Text Generation Evaluation#

Text generation evaluation is the primary method for assessing LLM capabilities where models produce natural language responses to prompts. This approach evaluates the quality, accuracy, and appropriateness of generated text across various tasks and domains.

Tip

In the example below we use the gpqa_diamond benchmark, but the instructions provided apply to all text generation tasks, such as:

  • mmlu

  • mmlu_pro

  • ifeval

  • gsm8k

  • mgsm

  • mbpp

Before You Start#

Ensure you have:

  • Model Endpoint: An OpenAI-compatible API endpoint for your model (completions or chat). See Testing Endpoint Compatibility for snippets you can use to test your endpoint.

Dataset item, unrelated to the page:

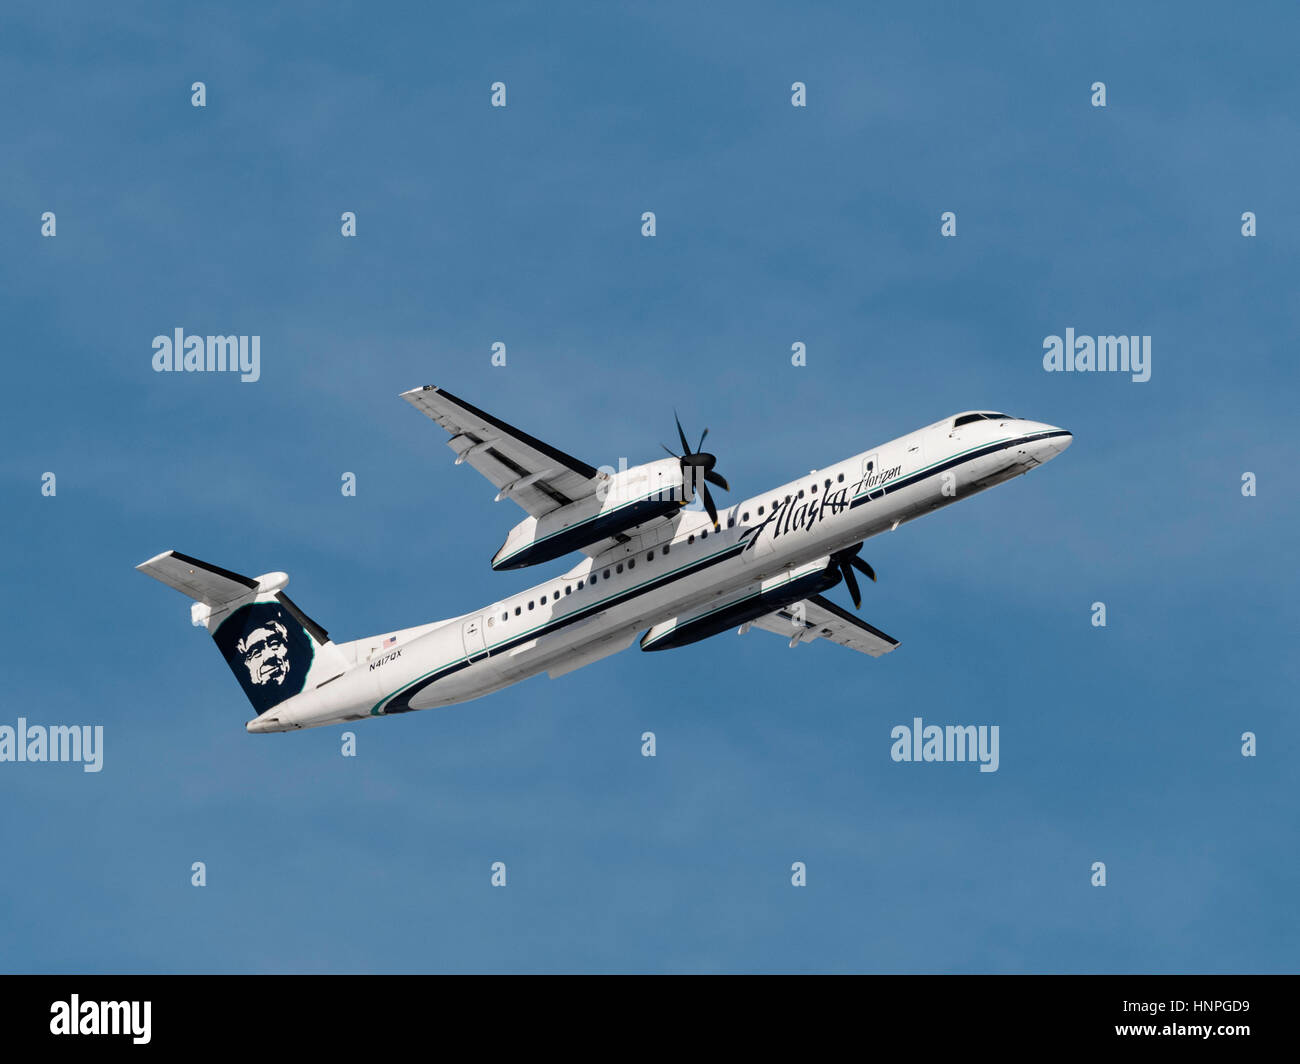 Alaska Airlines Horizon Air Plane Airplane Bombardier

  • API Access: Valid API key if your endpoint requires authentication

  • Installed Packages: NeMo Evaluator or access to evaluation containers

Evaluation Approach#

In text generation evaluation:

  1. Prompt Construction: Models receive carefully crafted prompts (questions, instructions, or text to continue)

  2. Response Generation: Models generate natural language responses using their trained parameters

  3. Response Assessment: Generated text is evaluated for correctness, quality, or adherence to specific criteria

  4. Metric Calculation: Numerical scores are computed based on evaluation criteria

This differs from log-probability evaluation where models assign confidence scores to predefined choices. For log-probability methods, see the Evaluate LLMs Using Log-Probabilities.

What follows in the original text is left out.